Верстах в четырех от села, в степи, обдуваемый со всех сторон ветрами, темнеет хутор. Он кажется загадочным для села. Что там творится? Что замышляется? Смотрит село в сторону хутора, пытаясь поймать чутким ухом любой вздох, любой шорох. Но сумерки безмолвны. Не шумят вершины осокорей, не раскачиваются раскидистые кроны орехов, даже бреху собачьего не слышно.
Балябы любят сумерничать, позвав к себе соседей. Разговоры вполголоса, вздохи о чем-то своем, сокровенном, чем даже делиться не принято. Ни лампа, ни каганец не зажжены, потому что свет их мигом порушит необъяснимо благостное ощущение свободы, простора, раскованности в мыслях и чувствах. Дана полная воля воображению, перемежаются явь и мечты, возможное ведет спор с невозможным. И суеверный холодок в душе, и сказочная приподнятость, и тени давно погребенного, и призраки будущего. Все сплетается в единый клубок, обволакивает волю. И тебе уже некуда торопиться — сидел бы вот так целую вечность, следя за оранжевыми бликами огня, что выбиваются из печки, бегают по стенам, забираются на потолок, падают на дощатый пол, пробегают по застывшим лицам. Сидел бы, сцепив руки на коленях, полуприкрыв усталые глаза отяжелевшими на степном ветру веками. Прекрасен этот час. Он ложится незримой чертой между суетливыми заботами дня и спокойной тишиной ночи.
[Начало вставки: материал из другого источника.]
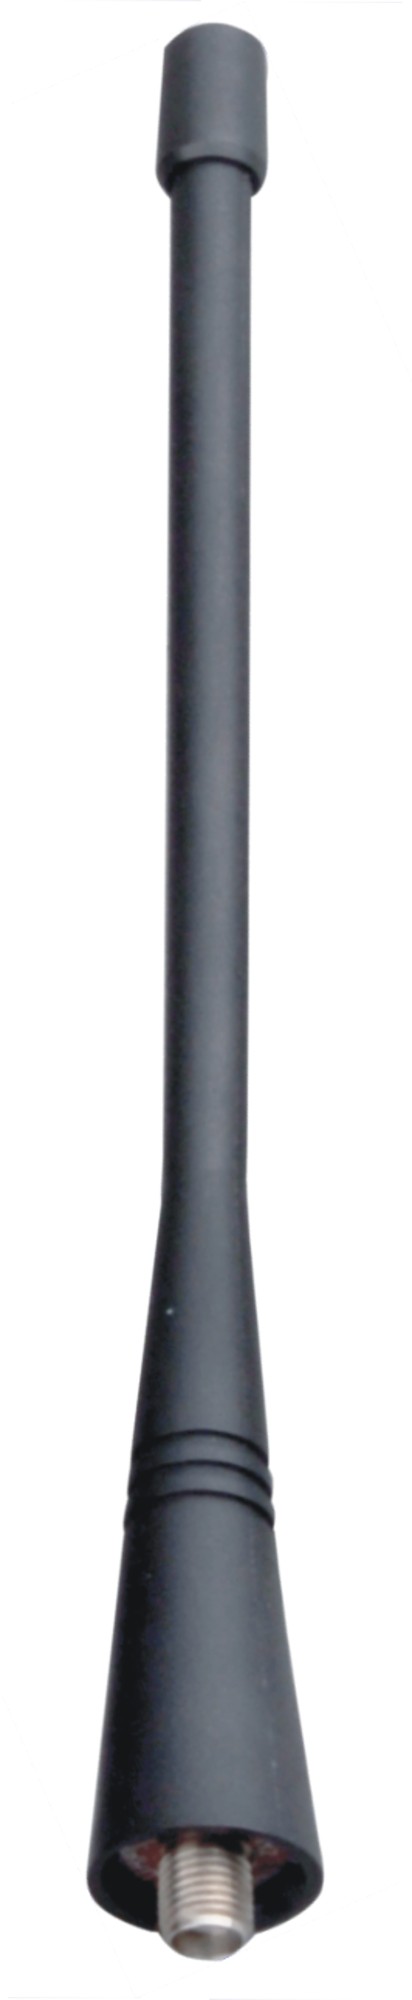 HYTERA UHF Antenne 15.7 cm, SMA-Buchse, 420-470 MHz AN0445W04 580003017008

Охрим и Настя Балябы сидят на узкой деревянной кушетке, Тонька примостился в углу на низкой скамеечке. Потап Кузьменко устроился на венском стуле, поставив его задом наперед. Он облокотился на гнутую спинку, подпер обеими ладонями свой крупный широкий подбородок. Касим орудует у печки. Поджав по-турецки ноги, он открывает чугунную дверцу топки, кидает железной лопаткой подсолнечную шелуху в невысокий огонь. Печка на какое-то время меркнет, сквозь щели конфорок пробивается не пламя, а густой изжелта-белый, заметный даже в сумерках дым. Затем следует взрыв. Конфорки подпрыгивают, ослепленные искрами, чугунная дверца распахивается, бьет Касима в колено, плита изрыгает на пол, оббитый у топки жестью, сухую дымящуюся шелуху. Истопник в точности повторяет звук, изданный только что печкой:
— Га-а-ах! — И заходится в причитаниях: — вай-вай-вай! Сердитый какой! Пачему стреляешь? Пачему не желаешь кушать семечки?
Охрим с тихой ленивостью укоряет Касима:
— Горе, не хлопец. Кто же по стольку засыпает? Гляди, еще раз гахнет — останемся без печки на зиму глядючи.
Настя, услышав запах паленого, спрашивает Касима:
— Мабуть, горишь? А ну встань, отряхнись. Так и есть. Чую, вроде кабана палят.
— Шут его не возьмет, — вмешивается Потап. — Охрим Тарасович, заспивав бы, га? Хочется послухать ту, что с Настей поете, «Реве та стогне».
— Так нема ж добрых подголосков. Чи, може, ты, Потап, подсобишь?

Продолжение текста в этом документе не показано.